> [EXERCISE BRIEF]:
Under this line are the records; repeat exactly the lines starting at the one containing "adidas zx4000 4d iwant ican" and ending at the one containing "4M Build Your Own Wind Turbine", omitting pictures.

> [TASK INPUT]:

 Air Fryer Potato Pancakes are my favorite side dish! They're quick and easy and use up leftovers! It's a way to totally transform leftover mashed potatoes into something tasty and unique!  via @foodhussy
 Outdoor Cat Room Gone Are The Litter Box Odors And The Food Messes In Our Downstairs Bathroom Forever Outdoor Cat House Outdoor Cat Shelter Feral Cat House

* * *

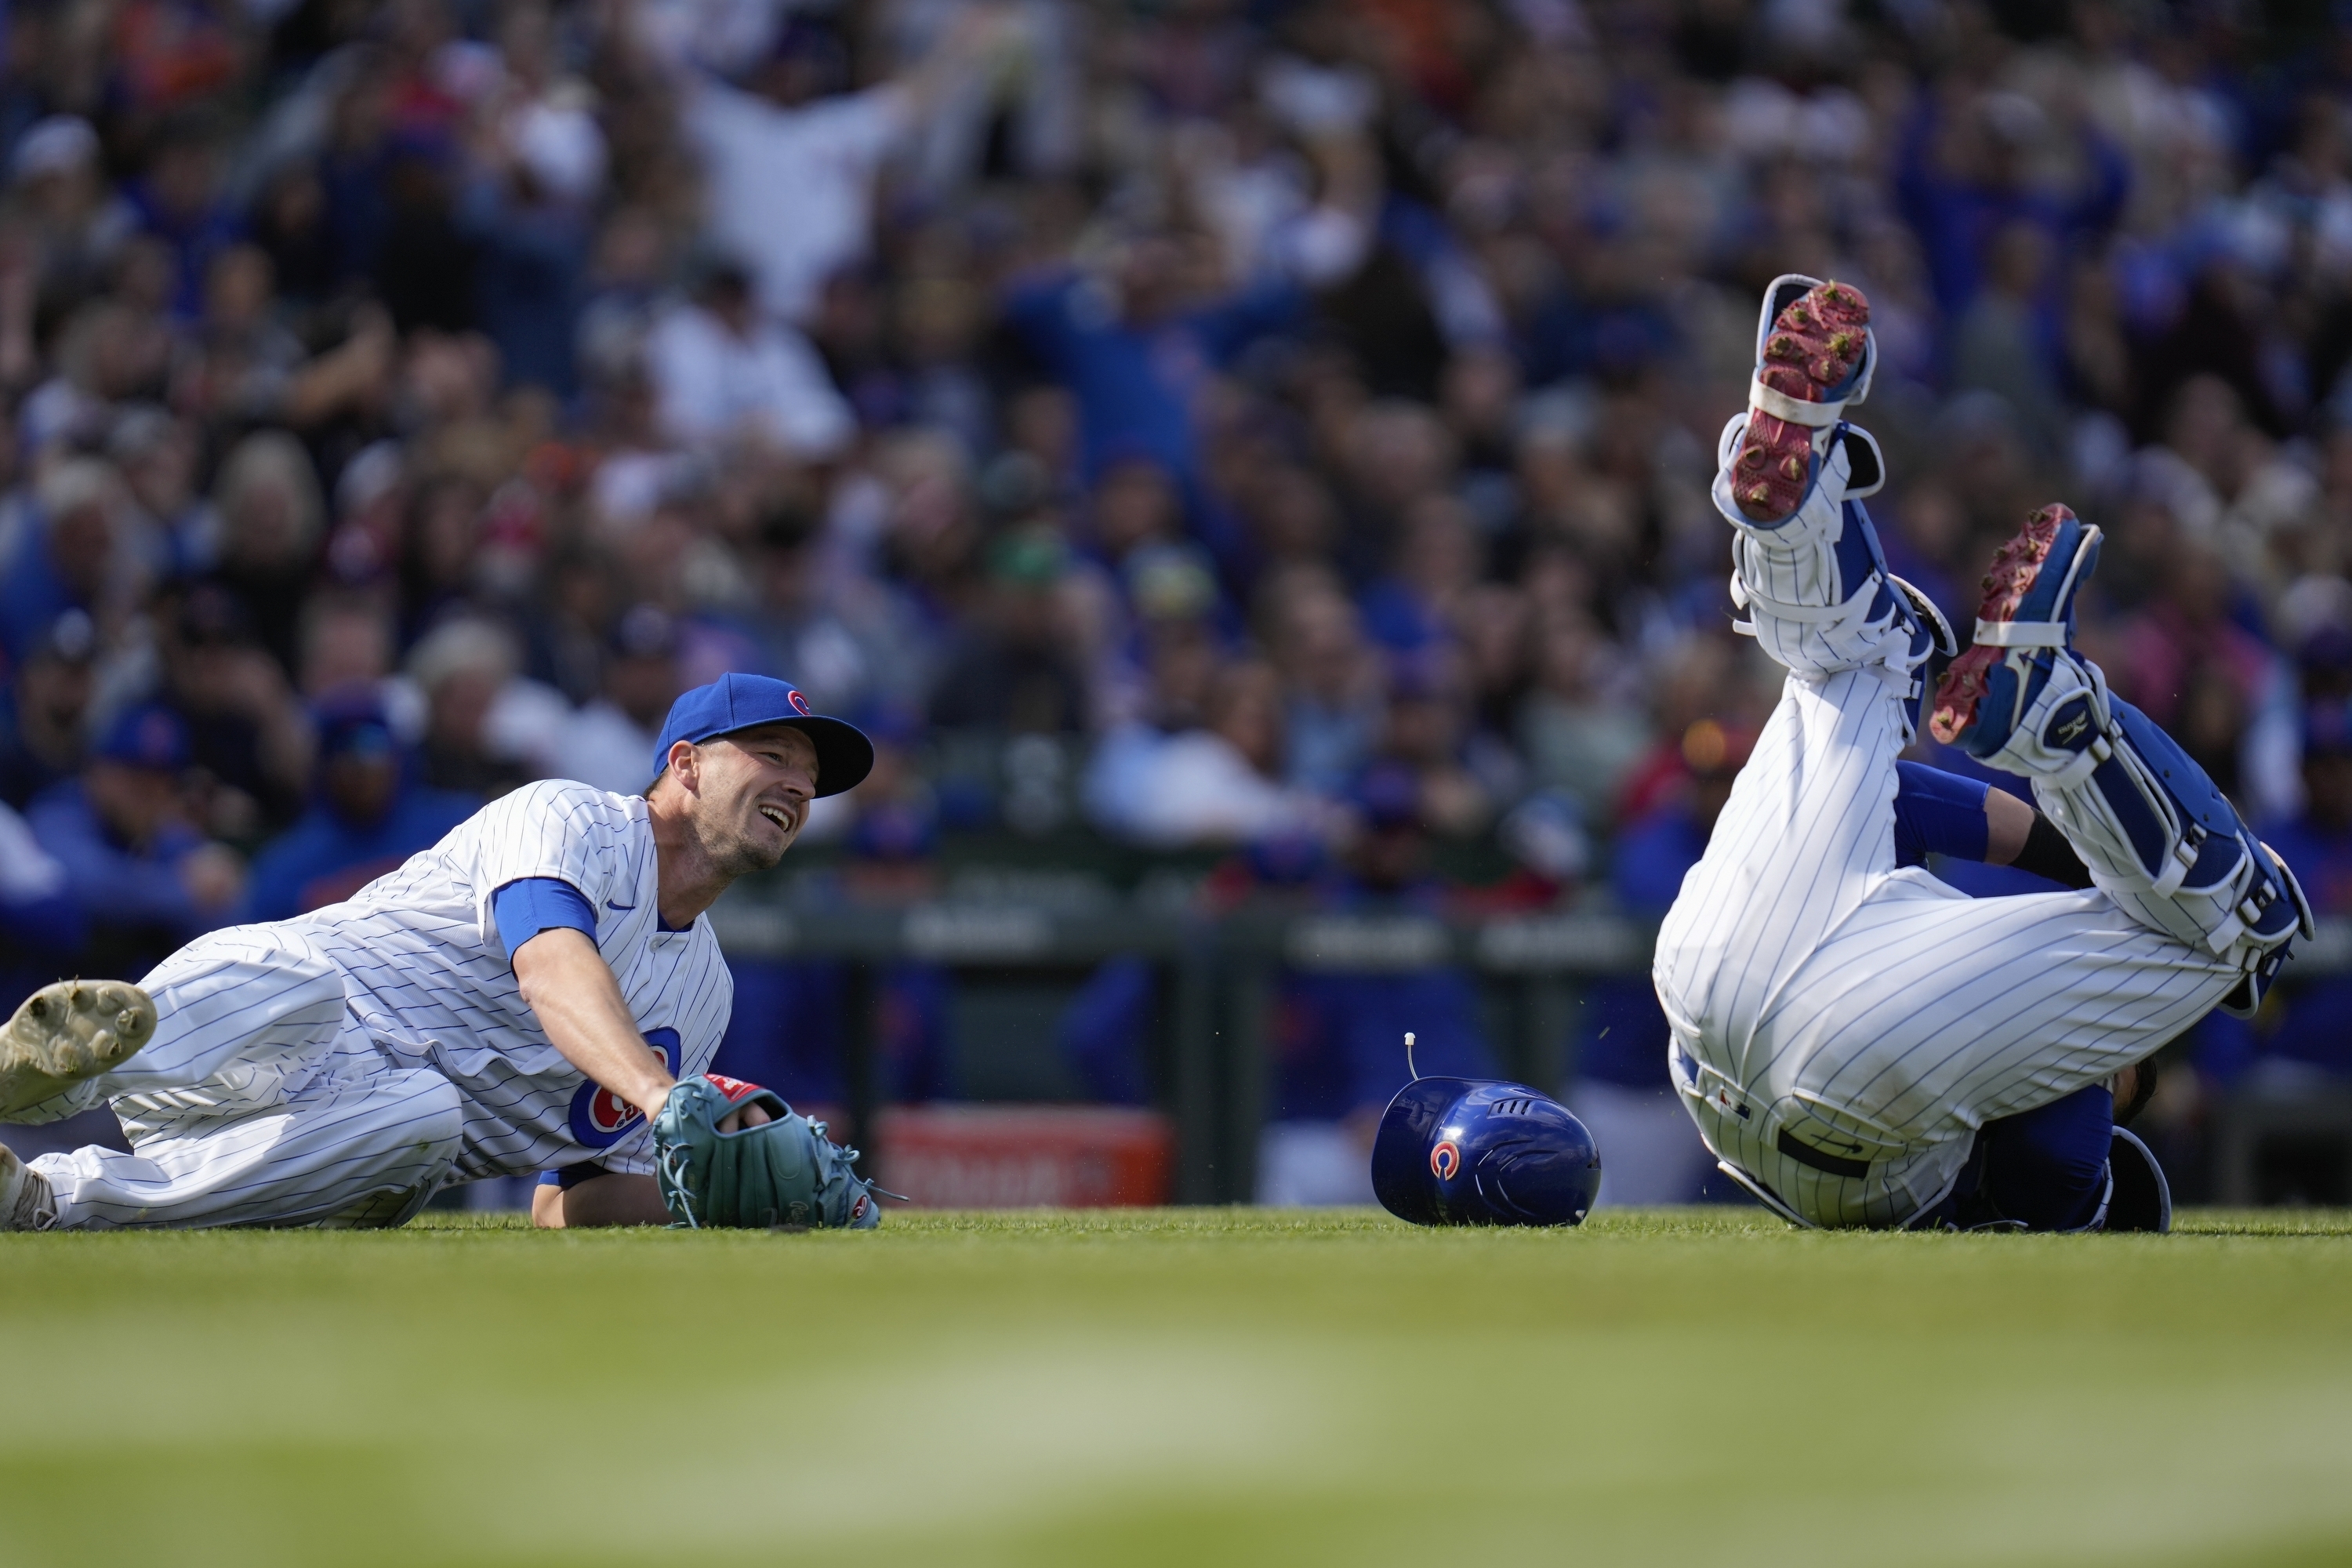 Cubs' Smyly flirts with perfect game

* * *

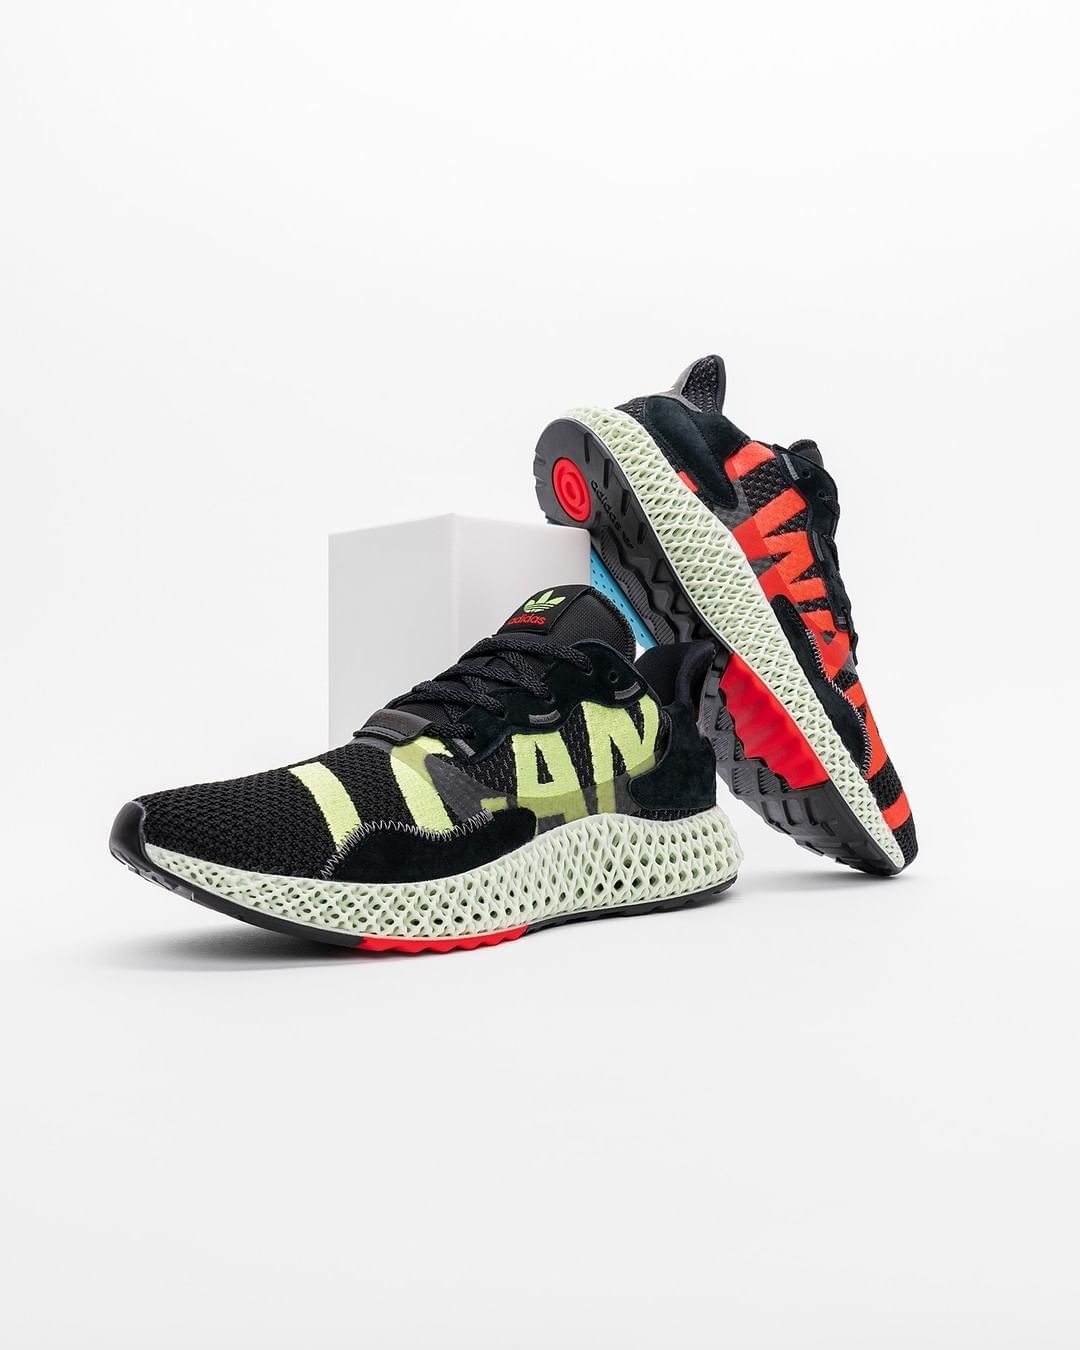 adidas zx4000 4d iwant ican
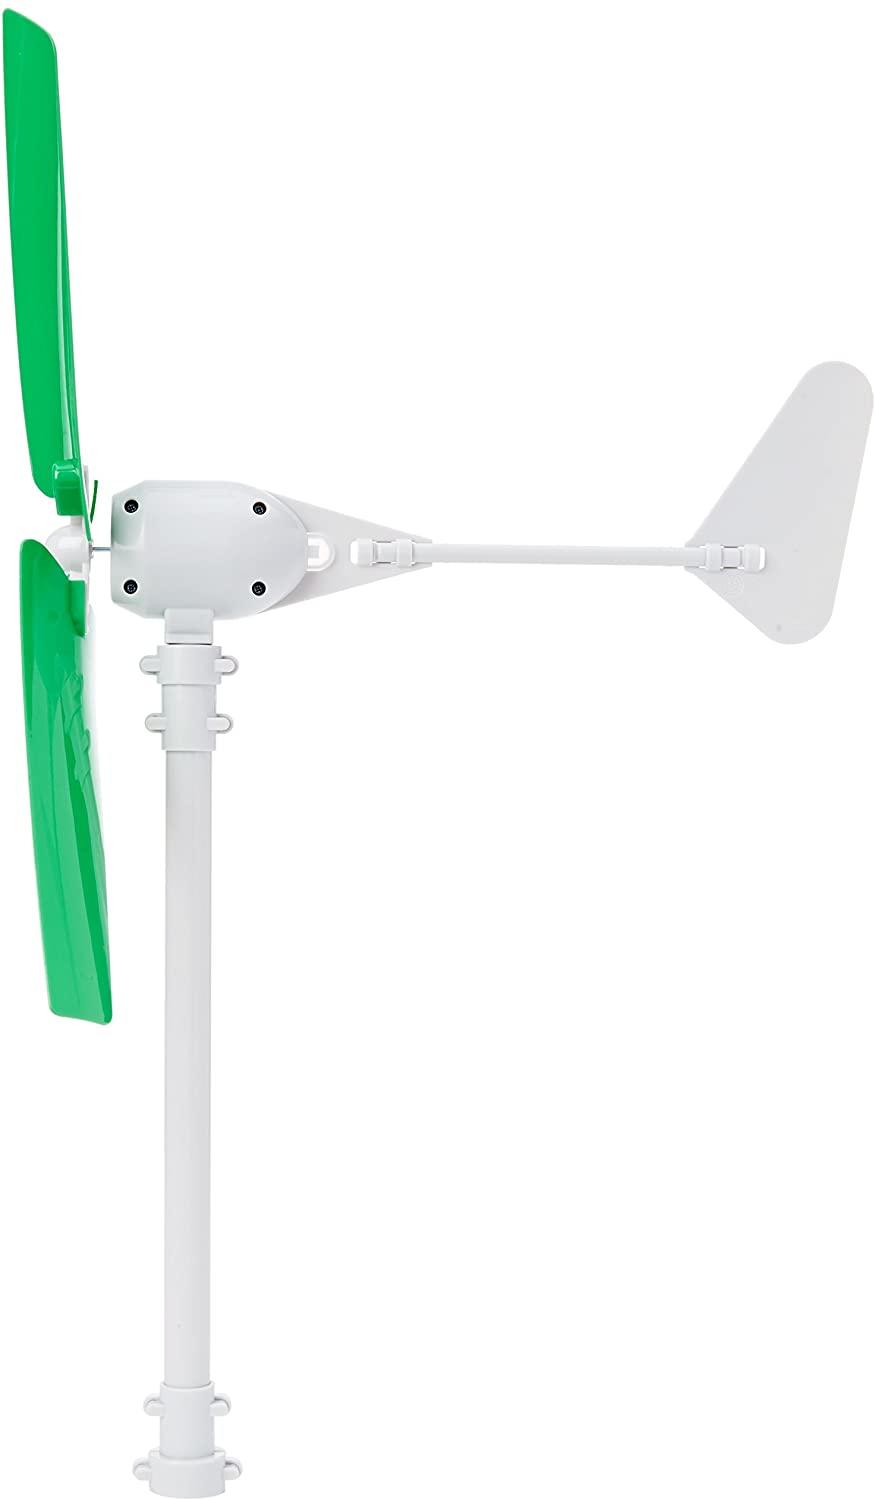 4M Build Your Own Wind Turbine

> [ANSWER BOX]:
 adidas zx4000 4d iwant ican
 4M Build Your Own Wind Turbine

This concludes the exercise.